But he has a message for Ndigbo; don’t continue dwelling in self-pity, stop lamenting about the tragedies of the civil war because the civil war is over, stop blaming others for your woes, work to attain whatever you want to attain, shorn practices that are inimical to your person and stop being too pessimistic because of the civil war consequences and charged them to free themselves from the piths of self-abnegation and self laceration because they fought a war that was imposed on them. With a graphic illustration of the present condition besetting the five South Eastern states, he told Igbo that their problem was in themselves and theirs to solve. He captured the distracting limitations to governance in the Igbo states as follows; In Anambra, where he says the governor is held hostage by primitive partisan politics fueled by bloated ego and self-aggrandizement that have mutated in such forms as kidnapping of a sitting governor, burning of public property and spurious impeachment concluded in the dead of the night in a neighbouring state and which presently morphs in form of holding the state by ransom by ambushing the budget and irascibly cutting it. In Abia and Enugu, he sees the problem in form of the distractive litigation by the opposition against the sitting governments while he says the Ebonyi problem is in a rank division, by political warlords that neigh for control of the state and that this is being hidden from public glare but which he believes is eating the state away by the minutes. In his Imo, Ohakim, he sees the biggest problem as the hangovers of the big men mafia’s belief that the state is his private hacienda; to milk and do as they please. He believes that most of the problems that are coming on in torrents in very recent times in Imo State is the fight back of these retrogrades that do not want to come to terms with the reality that the meal is over and they must shape up or ship out.

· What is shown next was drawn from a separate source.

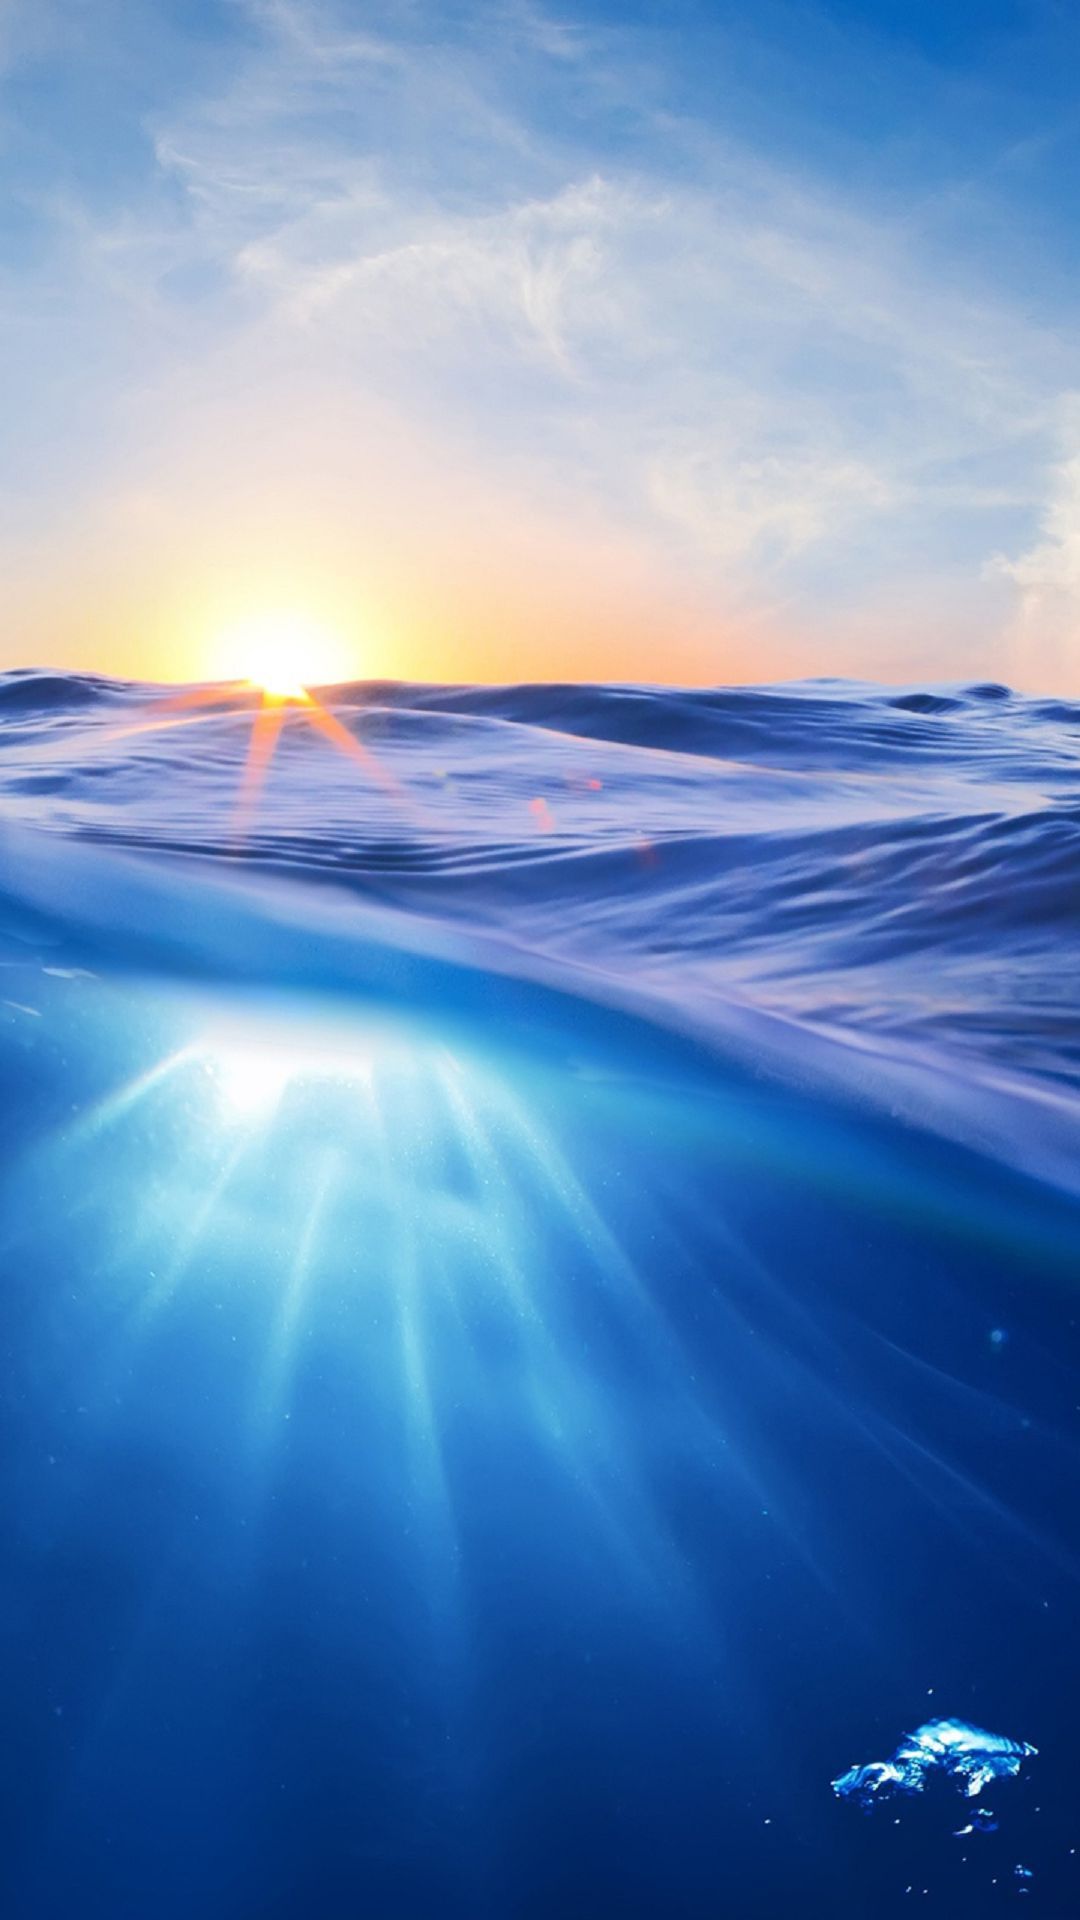 HD Sea Waves Sunrise Android Wallpaper free download
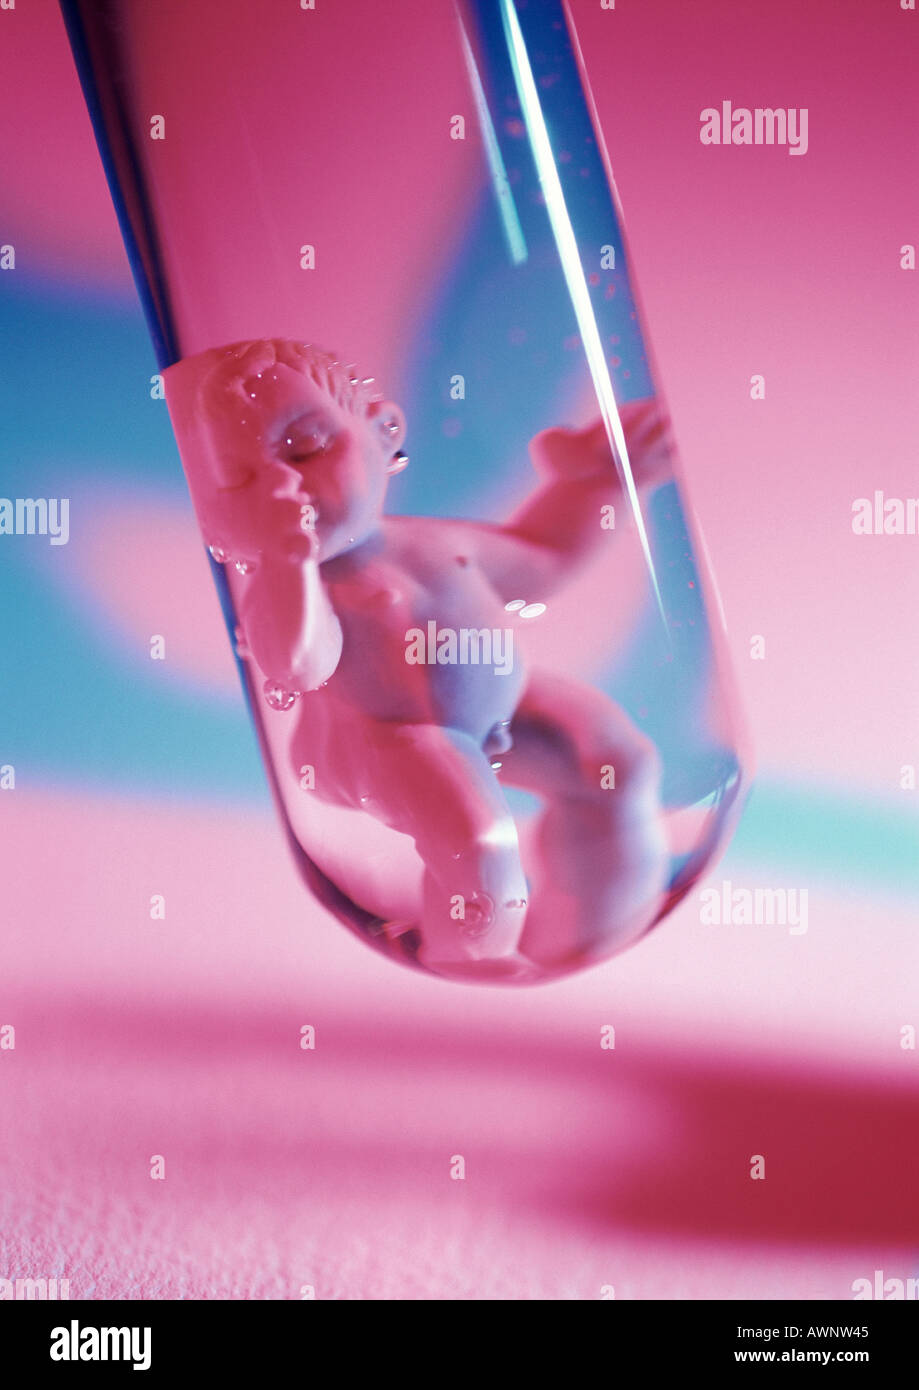 Plastic baby doll in test tube, close-up Stock Photo

From there, he delved into the summarization of Igbo problem presently to what he calls the Nsiko Mentality. For those that may not understand the Igbo language, nsiko is the Igbo word for crab. He likened what is happening in Igboland today as the futile rat race for nsiko, clubbed into a basin to escape. He says that the various nsikos would be tugging and hanging on each other to escape but none would in that state of mutual warfare. The consequence is that they all get consumed in the pot of soup! That is what the nsiko mentality is all about and this drew the most raucous response from the over-filled auditorium. In this way, he insisted that the bulk of the Igbo people, endowed with an above-average intelligent quotient, lies in their hands.

But he never failed to point out that the external force that put them in that basin and fed them to self-destruct each other facilitated the tragic fate of the nsiko, in the first instance. So he believed that the rest of the country must shaky off its paranoia about Ndigbo and decide to work, putting its best foot forward than operating on the fear that unleashing the portals of competition will re-enact the Igbo dominance. He pointedly believed that the price Nigeria will continue to pay for regimenting the sectors to conform with the desire to elevate mediocrity. He charged Nigeria to open the doors for competition and let Igbo enter the fray with others. In a nutshell, he said the Igbo must re-brand their politics to get the best out of Nigeria and that continued sustenance of the sparse and arid political cannibalism that has endured in Igboland for some time now will lead Igbo farther from the envisaged political Jerusalem where their tears will be wiped away by a leadership that tolerates their peculiarities.

From the several interventions made by so many people including, Prof. Pat Utomi, the Lagos State House of Assembly Speaker, Michael Anyiam-Osuigwe, Stella Okoli of Emzor, A.B.C Nwosu, Nze Mark Odu, Dr. Lekan Pitan, Doyin Okupe, Leo Stan Eke, Asagba (Prof.) Chike Edozien, Chief M. T. Mbu and many others, Ohakim’s gospel is in order. Couldn’t understand why the former Senate President, Ken Nnamani refused to speak but I know he prefers to watch and see others talk. He had already done so much talking on this issue and he would rather watch others talk. But then, I am sure that Ohakim is not carried away by the raucous applause that greeted his presentation. I am sure that he wasn’t carried away by the flattering attendance that swarmed the hall to hear him. I am sure he didn’t walk away with the impression that the limitations he bemoaned in the lecture that have so far robbed Igbo of the need to get serious and act is about being solved by the affirmation of the largely complimentary card-seeking audience that received his lecture with seeming enthusiasm. I am sure he was not led to believe that newer converts to the quest for Igbo re-discovery were recruited by his well-aimed shots. If he is, he should know that much of the battle to banish the nsiko mentality among Ndigbo rests with him and his brother governors. They have started well by bonding together and looking at Igbo problems with native binoculars, not kens forced on them by the occupations forces, as we witnessed in the period between 1999 and 2007. they have done well by identifying the problems and being bold to voice them out instead of looking over the shoulders on how some godfathers will feel with their free opinions, as we have had for long. They should however understand that much depends on what they do in the next three years to give teeth to the problem most of them have correctly identified. He should seek to strike a nexus between the issues and prescriptions he reeled in his lecture and the business that took place in Awka on April 25th and 26th. Luckily, Aka Ikenga was involved in all these so it should not be hard for him to work now and see that the prescriptions from Awka are fleshed up to give real meaning to the Igbo quest for fulfillment in the Nigerian polity. That is the reason he was elected and anything less shows he was merely grandstanding in Lagos.